- From: Rob Cameron <cameron@cs.sfu.ca>
- Date: Mon, 5 May 2003 18:33:39 -0700 (PDT)
- To: uri@w3.org
I've been working on a new project called abnf2re - automatically generating regular expressions from ABNF grammars. A goal of the project is to help debug specifications as they are being developed, so I am using RFC2396bis-01 as an initial test case. Another goal is to generate expressions that can be the basis of validating parsers or recognizers. For example, given the URI regexps (44 in all) generated by abnf2re, one can then write a URI-reference parser to produce (scheme, auth, path, query, fragment) 5-tuples in about 22 lines of Python. With another 50 or so lines (buildURI - 8 lines, merge - 17 lines and resolve_relative_URI - 25 lines) the algorithms of section 5.2 can be implemented and tested.

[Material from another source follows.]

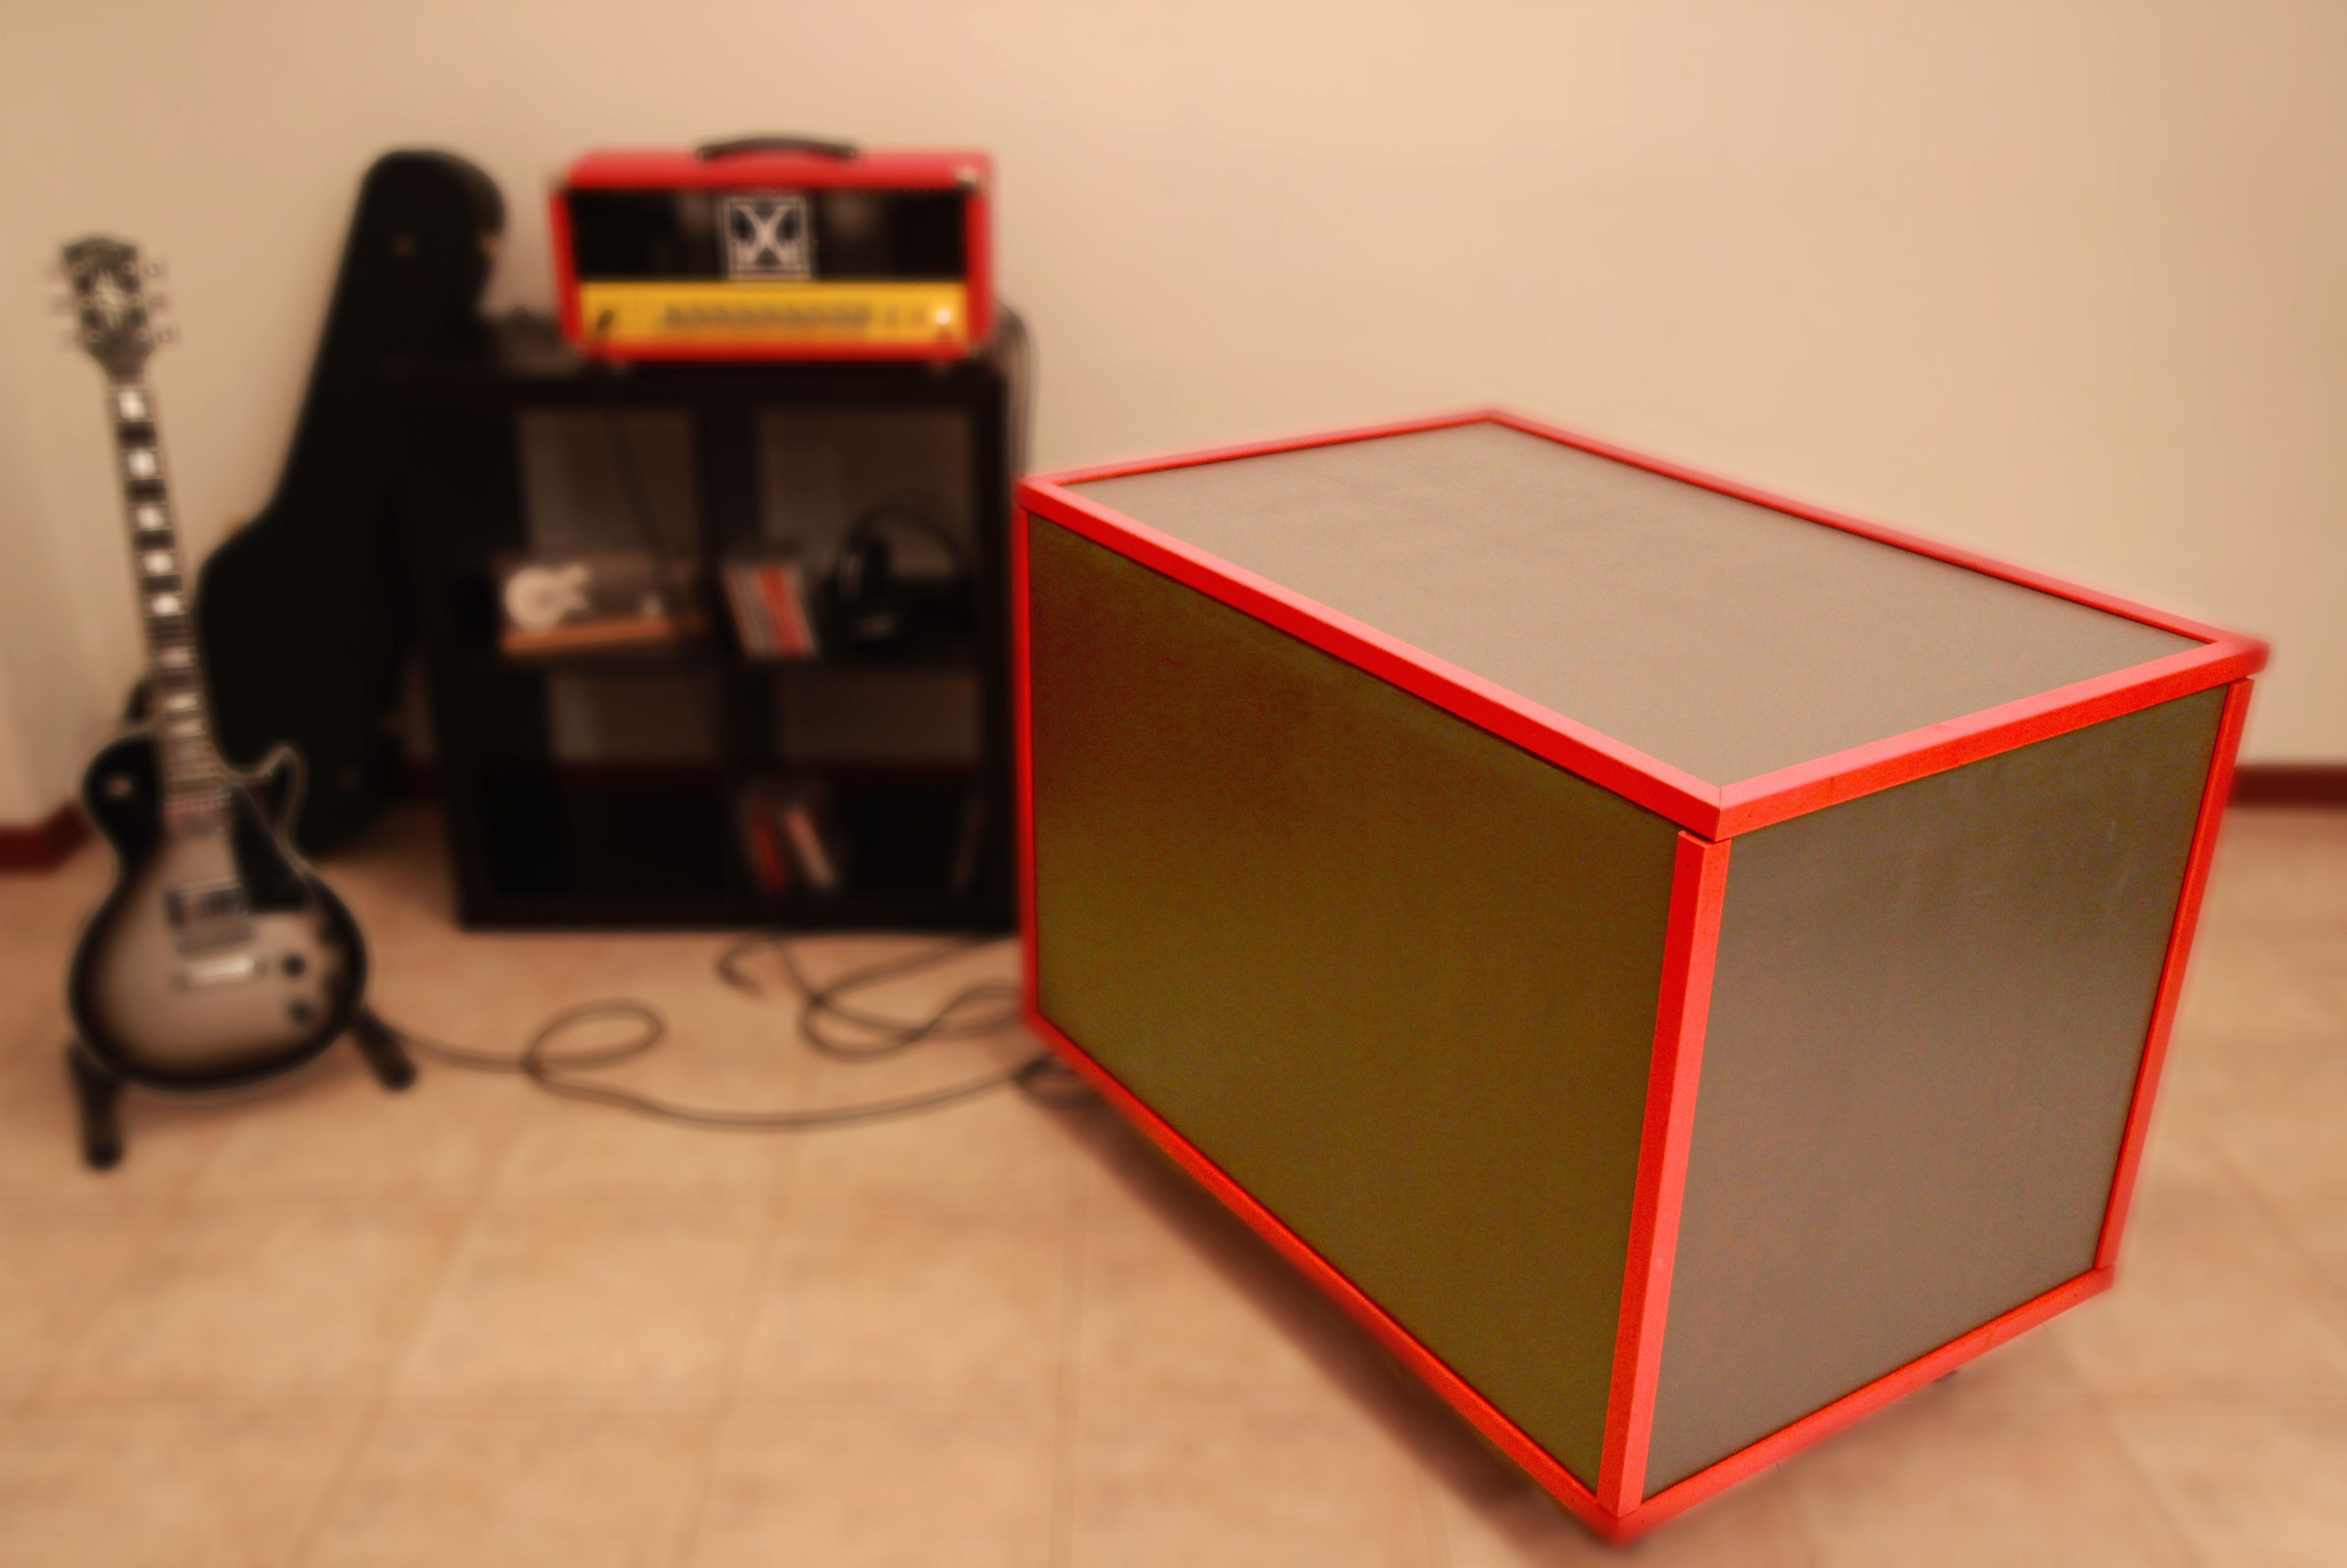 amplibox-audio-sito-web-SEO-sito-web-seo-azienda-negozio-studio-professionale-professionista-artigiano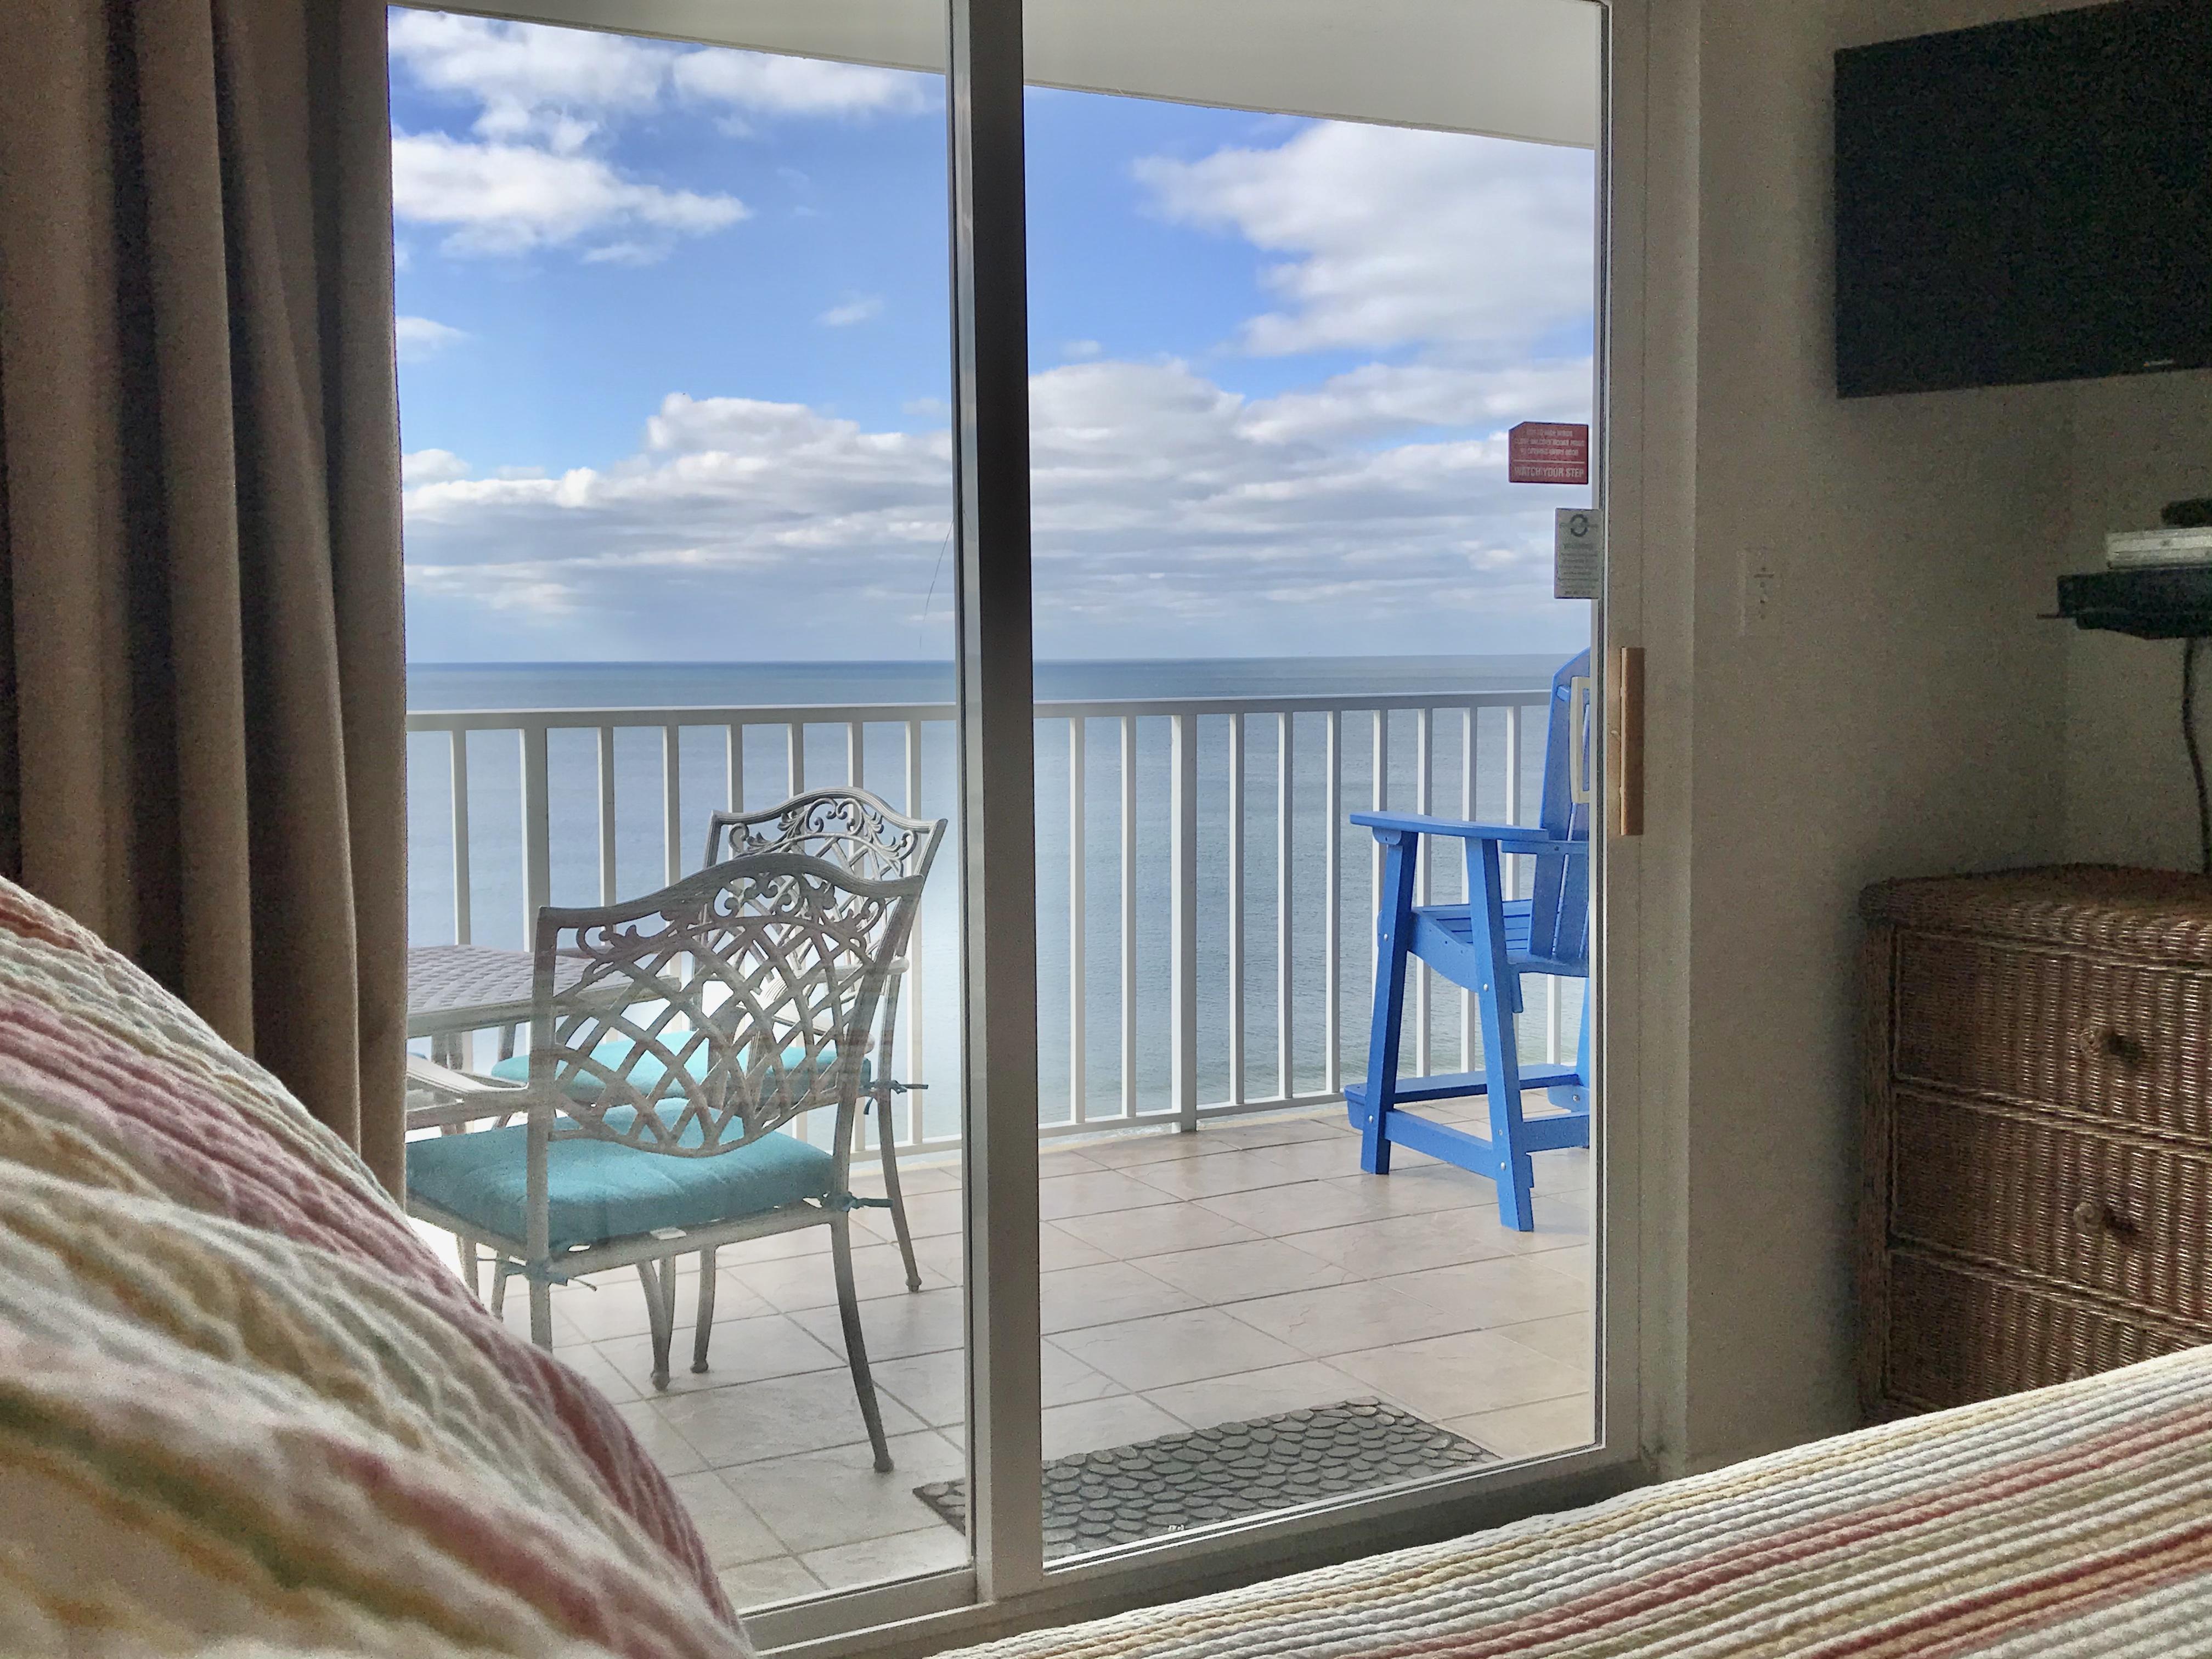 Ocean House 1905 Condo rental in Ocean House - Gulf Shores in Gulf Shores Alabama - #34

Anyway, here's an initial list of issues. (1) There are minor ANBF bugs in these productions (ref RFC2234) domainlabel = alphanum [ 0*61( alphanum | "-" ) alphanum ] toplabel = alpha [ 0*61( alphanum | "-" ) alphanum ] Fixes: domainlabel = alphanum [ 0*61( alphanum / "-" ) alphanum ] toplabel = ALPHA [ 0*61( alphanum / "-" ) alphanum ] (2) The HEXDIG definition of RFC2234 is upper-case only; it's probably not what is wanted. escaped = "%" HEXDIG HEXDIG (3) The production rule for path is a bit problematic. path = [ abs-path / opaque-part ] - it is not used in the grammar - presumably, it is meant to say that whatever is parsed as either abs-path or opaque-part is interpreted as a "path". - the production does not include rel-path, but rel-path needs to be processed as a path for the algorithms in 5.2 (4) In my implementation, I've assumed the following change in the pseudocode for the algorithm in 5.2 if (R.path == "") then if defined(R.query) then T.path = Base.path; T.query = R.query; else -- An empty reference refers to the current document return (current-document, fragment); endif; becomes if (R.path == "") then T.path = Base.path; if defined(R.query) then T.query = R.query; else T.query = Base.query; endif; This seems consistent with the requests of the RDF group and gives a clean, well-behaved algorithm.
Received on Monday, 5 May 2003 21:35:25 UTC